SOLIDÃO E PSICANÁLISE
SOLIDÃO E PSICANÁLISE
Uma música incidental invade os aposentos, contrariando a lúdica performance deste sábado. Do lado, uma saleta meio escura fortalece meu interior nublado por conta do tempo de partir. Partir é sempre doloroso porque implica romper, dilacerar, ruir um pouco do nosso interior. Certamente que não há "parto" sem dor, mas esta não se acostuma em si e cada retaliação é como se fosse a primeira.
Os móveis da sala estão sem uso, porque no chão me busco como se em cada quadrado da cerâmica eu pudesse encontrar retalhos de mim, enquanto me reconstruo do que fiz equivocado, ou mesmo errado, talvez certo por presunção.
A viagem do pensamento aporta vários tons do meu arco-íris em desapego, sentindo no ato de viajar entre egos e superegos o destino dos inconformados com o sossego. Imagino que isto só se alcance com a morte, mas ao mesmo tempo não concebo essa "passagem" como sustentação das nossas esperanças de quietude.
Da janela deste apartamento se descortinam imagens que seguem os passantes como que querendo saber deles seus destinos e desatinos. Como que querendo chancelar os meus altos e baixos pela realidade deles no frêmito lufa-lufa da vida por ela própria.
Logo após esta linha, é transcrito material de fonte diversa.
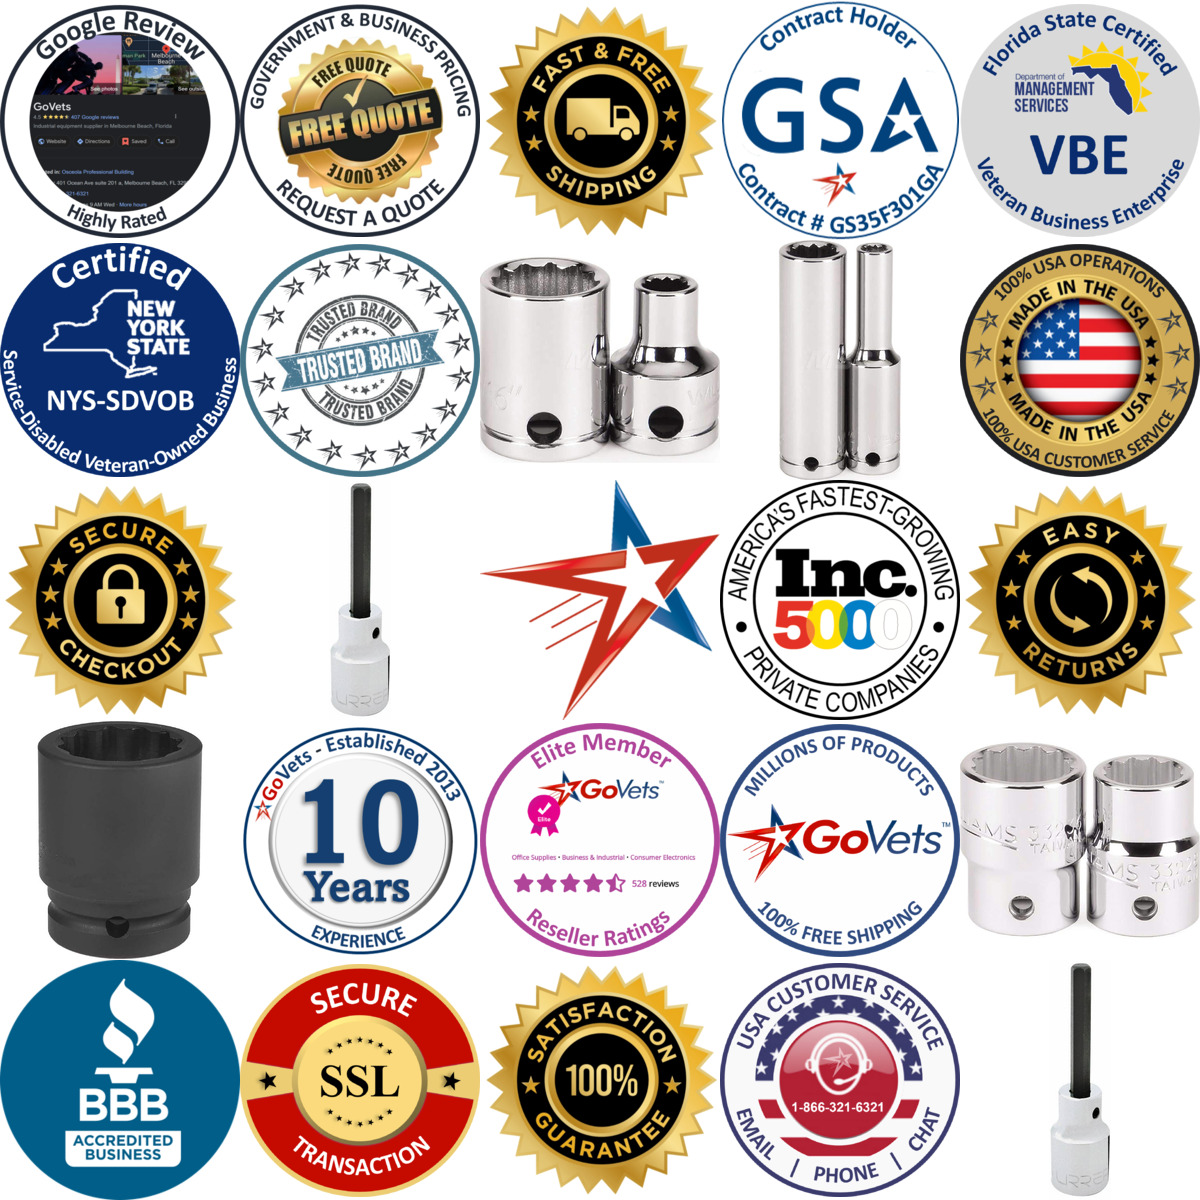 A selection of Punches products on GoVets

Penso, por momentos, no trajeto que a gente faz pra não fazer da vida um "trem" descarrilado da realidade concreta que nos colocaram como absoluta desde criança. A idéia é a de que não podemos deixar de nos refazer sempre se quisermos continuar o mesmo. Como diriam outros, de nos repaginar em cada dia. E nesse desencadear de versões atualizadas de nós, construirmos o melhor de todos os poemas de amor: uma ode a vida por ela mesma e sem sofismas. Talvez o poema que jamais alguém possa ler, posto que fosse vivida sem a preocupação de materializar no papel. Destitui-se, deste modo, nossos dizeres construídos e bem arrematados de dor, tristeza, alegria, esperança, saudade, solidão e tudo o mais que geralmente se faz na poesia e nas artes.
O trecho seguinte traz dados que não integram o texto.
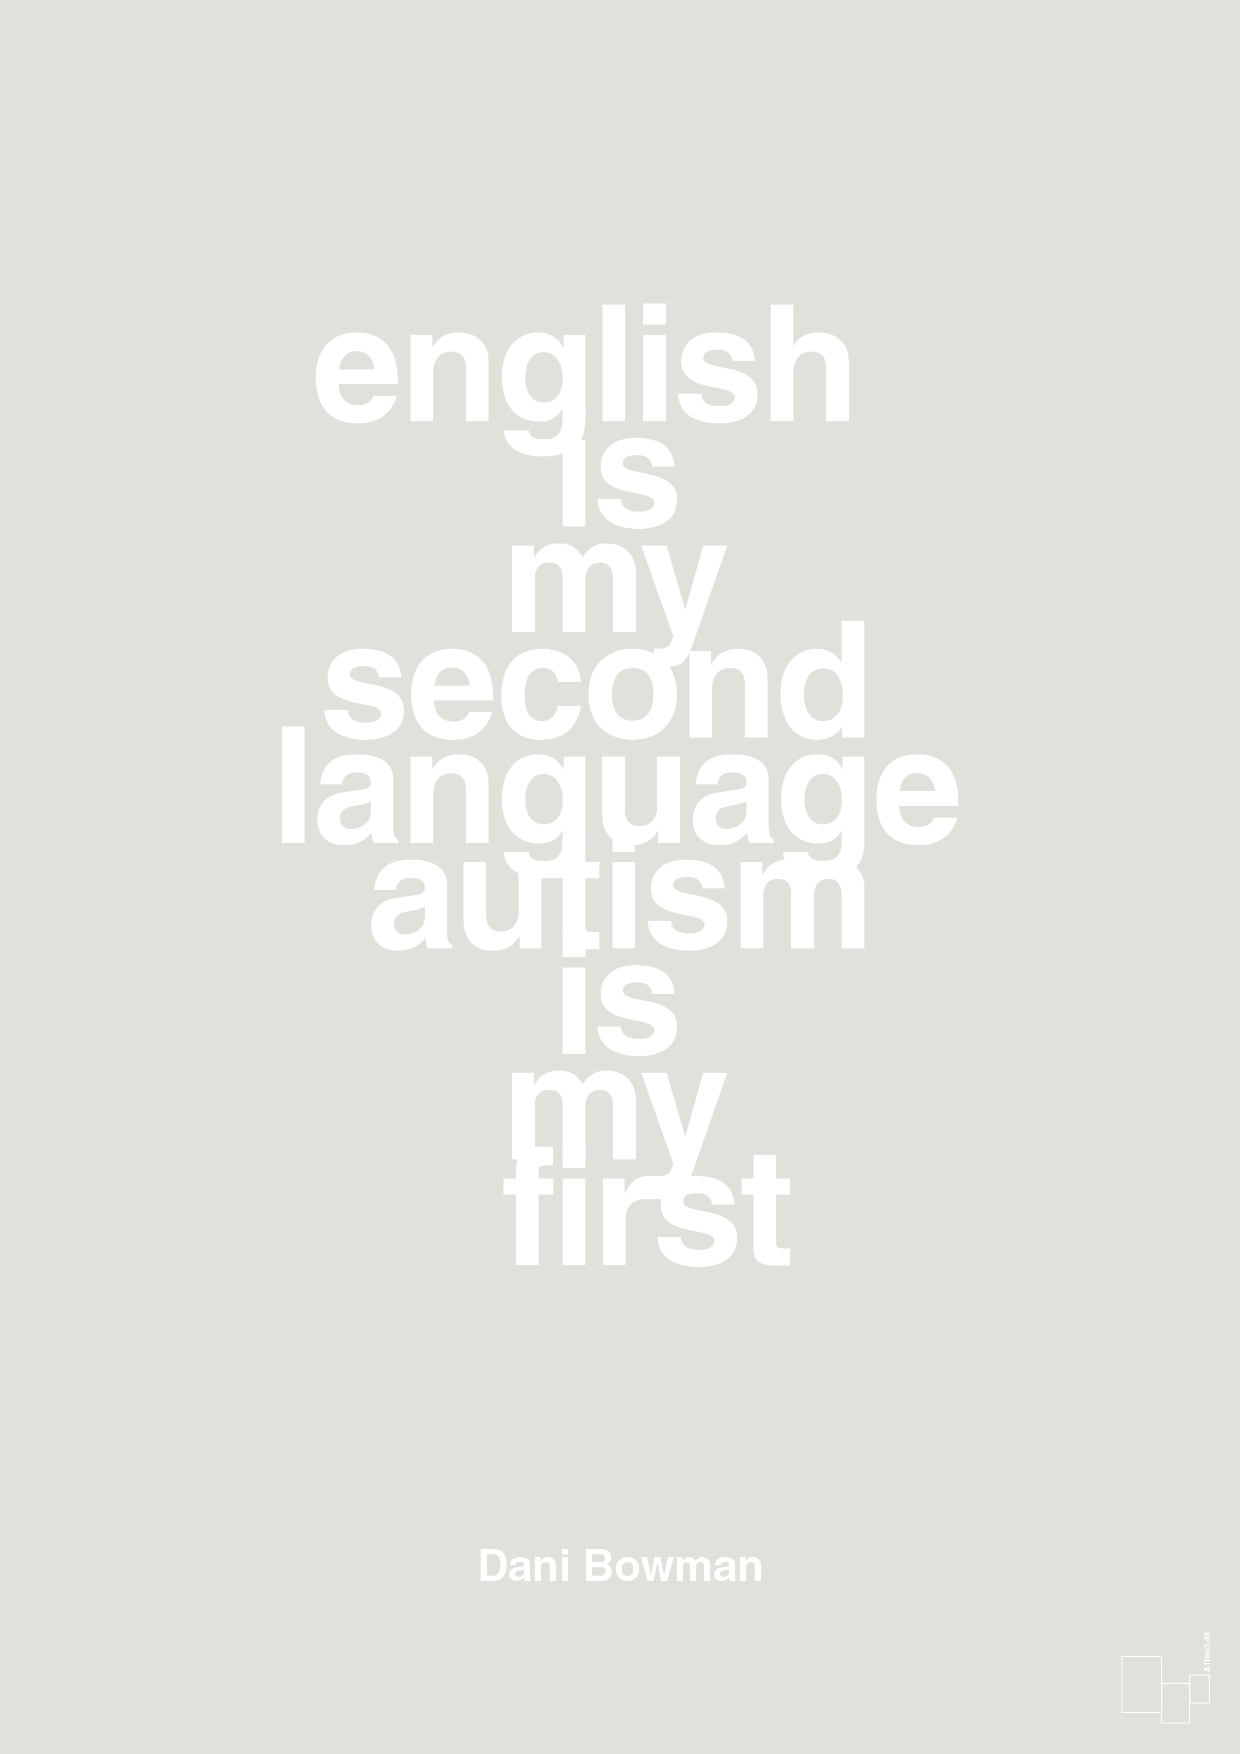 english is my second language autism is my first - Plakat med Samfund i Painters White

Um livro na mesa da sala de visita me convida a folhear. Prefiro imaginar o último que li e adorei, principalmente pela forma e pelo autor que tudo indica ser ele o ponto central: MEMÓRIA DE MINHAS PUTAS TRISTES, de Garcia Marquez. Lindo na sua busca de si mesmo no apagar da existência combalida pelo afeto transcendental e pela idade avançada; pela completa lição que o amor lhe deu em pleno outono da vida, sem clemência. As Putas! Sempre elas em suas configurações mais abjetas nos dando lições de vida e de amor, como fez com Garcia.
Prefiro, contraditoriamente, ficar em pé, mesmo deitado neste chão frio nesta noite meio quente de verão. Sinto que esses dias têm que acontecer na vida da gente porque não podemos deixar de nos pôr à prova vez por outra. Esse confronto me conforta, pois me busco em cada canto de mim como se escondido estivesse em baixo de cada cama, de cada mesa e cadeira. Como se a simbologia psicanalítica me jogasse na frente do espelho a me dizer que “preciso descansar de mim em cama macia, sentar de mim em cadeiras firmes, comer de mim em mesa firme”.
Na parede da sala um relógio marca as horas. Indiferente ao meu momento marca o meu tormento voluntário, posto que vivo um momento bom de vida. Tenho estado em paz com os meus "infernos" domados, com os meus tenazes "capirotos" que vez em quando me fisgam indolentes.
Gosto demais de mim sendo quem não sou pela busca de ser. Serei leve e perene um dia e por toda noite, mas não pra sempre. Para que não me custe mais massacrar as letras, trucidá-las em frases e ordená-las que me traduzam na minha mais lúdica configuração. Lá do outro lado do Recife, no cais da Alfândega, as putas não chegam mais. Talvez cheguem pensamentos prostituídos daquelas que foram e não voltaram. De mim, quero apenas voltar sem nunca ter ido, manter meu cais aportado nos amores que se foram sem que eu mandasse. Nunca fui de ter putas para o meu esbanjamento, mas bem que poderia tê-las no imaginário das aventuras findas.